Currently, there are 114 recognized H antigen types described in the Kauffmann-White scheme (26). Sixty-nine flagellar antigens are characterized by a single epitope which typically shows little or no immunologic relatedness with other H antigens (e.g., H:a, -b, -c, and -d). The remaining H antigens have been described as having multiple epitopes and are grouped into antigenically related complexes. Antigen complexes account for 45 H antigens in the serotyping scheme and consist of a major common epitope plus one or more secondary epitopes. The antigen complexes are named based on the major immunologic epitope (e.g., the 1 complex, the EN complex, the G complex, the L complex, and the Z4 complex). For example, the 1 complex is identified by the major antigen H:1 and further subdivided by the secondary epitopes H:2, -5, -6, and -7. Therefore, an antigen could be represented as H:1,2, -1,5, -1,6, or -1,7 as well as combinations of these single factors, such as H:1,5,7 (17). Eight antigens are recognized in the 1 complex (e.g., H:1,2, -1,5…), 4 in the Z4 complex (e.g., H:z4,z23, -z4,z24…), 3 in the EN complex (e.g., H:e,n,x, -e,n,z15, and -e,n,x,z15), 6 in the L complex (e.g., H:l,v, -l,w, -l,z13…), and 21 in the G complex (H:f,g,t, -g,m…).
Alignment of the fliC and fljB gene sequences shows that the 5′ and 3′ ends of the genes from different antigenic types are highly conserved. The central region sequences of these genes can be highly variable between immunologically distinct antigen types and are presumed to be the basis for the antigenic differences of flagellar antigens (26, 36). The variable regions of the fliC and fljB alleles of immunologically related antigens, however, are highly similar (26). Differences which correlate to these antigen protein sequences can differ in as few as one amino acid residue (26). However, these changes have not been identified as the immunological epitope.
Traditional H antigen serotyping is technologically simple; however, the production and quality control of the hundreds of antisera required to generate the >2,500 serotypes are difficult and time-consuming. Many isolates require 3 to 5 days or more for full determination of the serotype, delaying information submitted into the public health data information systems.
To avoid the difficulties of traditional serotyping methods, we developed a system for determination of serotype based on DNA markers within genes encoding H antigens. By using DNA targets from sequences derived from the H antigen-encoding genes, we form the critical bridge of the molecular data to the surveillance data by mirroring the traditional Kaufmann-White serotyping scheme in a high-throughput DNA-based assay. A similar assay has already been described to detect common O groups of Salmonella (6). The H antigen assay described here, when used in conjunction with the O-group assay, should provide a useful tool for determination of serotype in Salmonella.

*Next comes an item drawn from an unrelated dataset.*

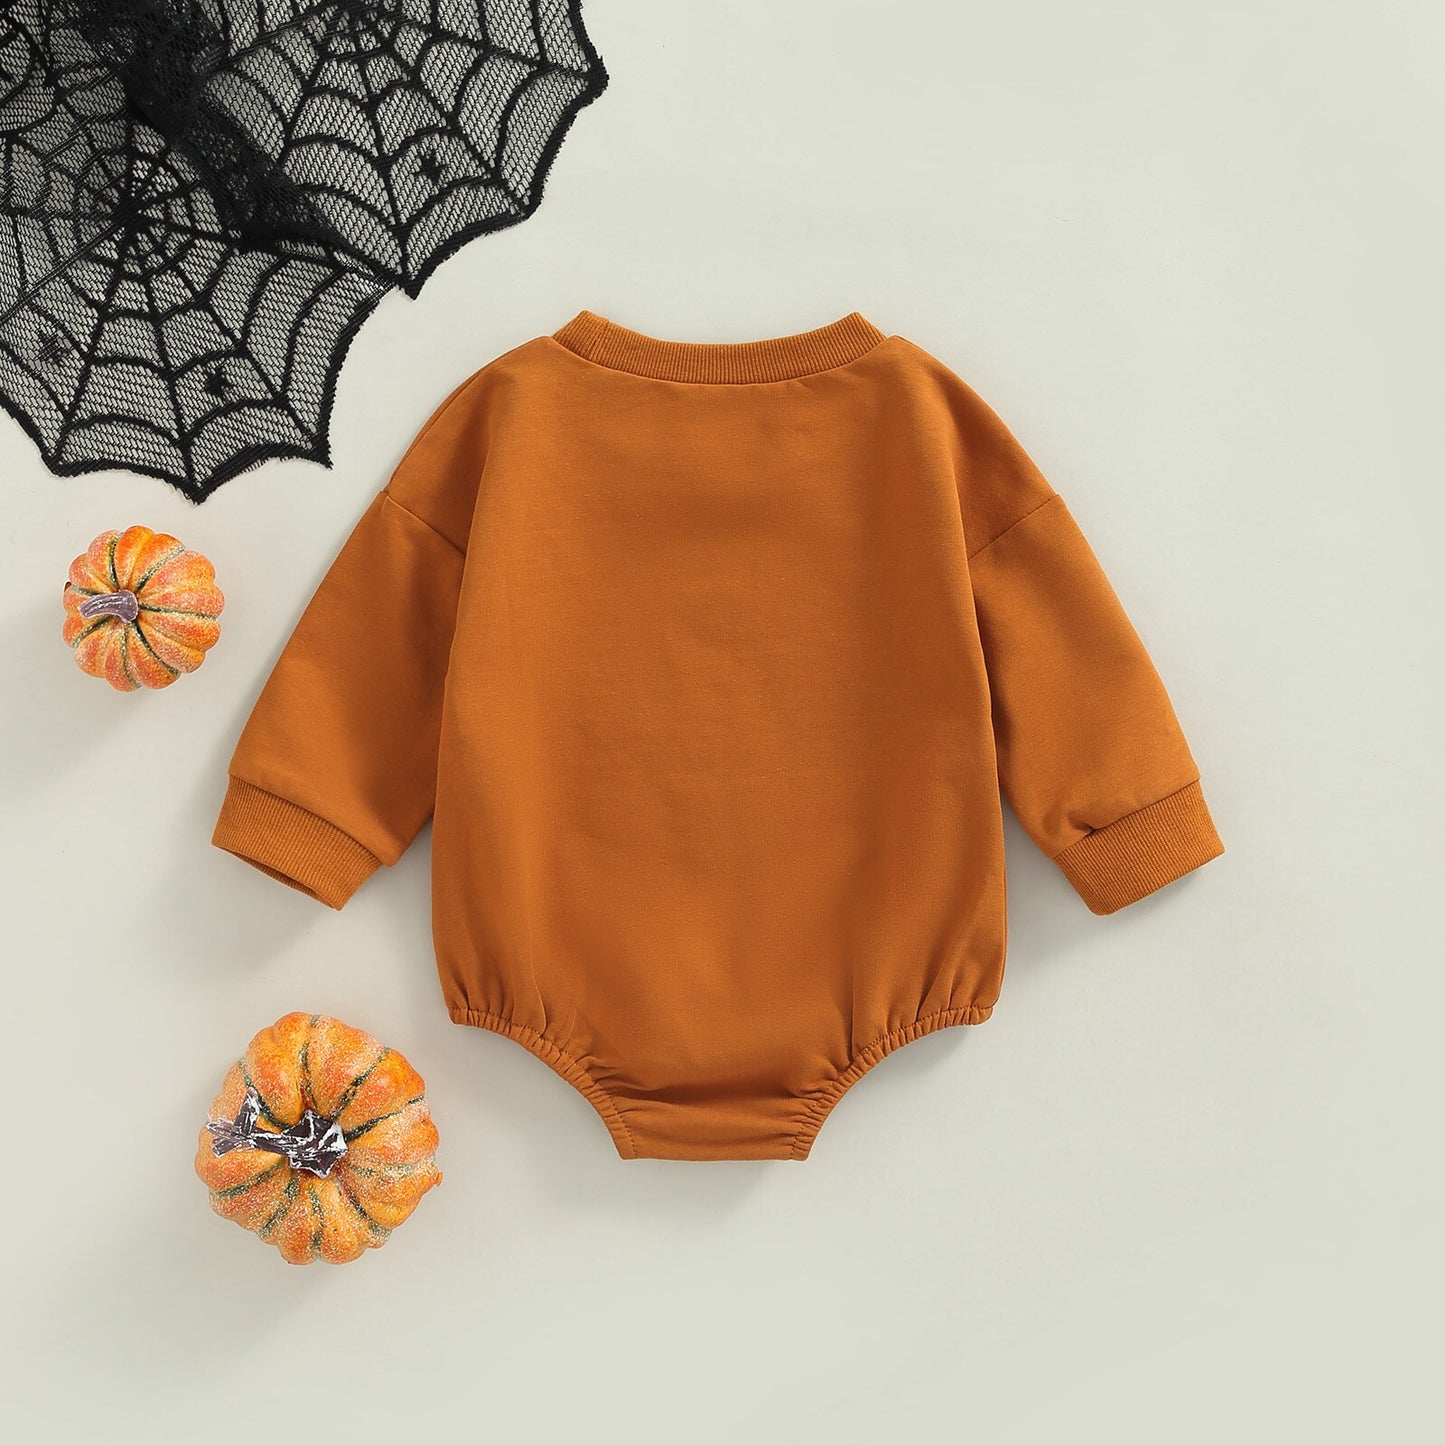 Infant Toddler Unisex Fall Halloween Orange Pumpkin Romper Sweater

All isolates were from the CDC collection. Isolates were referred to the National Salmonella Reference Laboratory for identification or confirmation of serotype. Serotypes were designated according to the Kauffmann-White scheme (9, 10).
DNA alignment and analysis were performed using MEGA 4.1 (18). Neighbor-joining phylogenetic trees were generated using MEGA 4.1. Analysis was performed with 1,000 bootstraps using the Kumar two-parameter model with Jukes-Cantor correction.
Isolates were grown overnight on Trypticase soy agar or in 1 ml Luria broth (LB) (BD Diagnostics, Franklin Lakes, NJ). DNA was extracted with a QIAamp DNeasy kit (Qiagen, Valencia, CA) or Instagene Matrix (Bio-Rad, La Jolla, CA) in accordance with the manufacturer's protocols, except that incubation times were reduced to 4 min at 55°C followed by 4 min at 96 to 100°C. All genomic DNA preparations were quantified by A260/280 spectrophotometry and diluted to 200 ng per μl before use.
Visual OMP software (DNAsoftware, Inc., Ann Arbor, MI) was used for probe and primer design and for experimental simulation to evaluate cross-reactivity, probe binding specificity, and hairpin formation in silico.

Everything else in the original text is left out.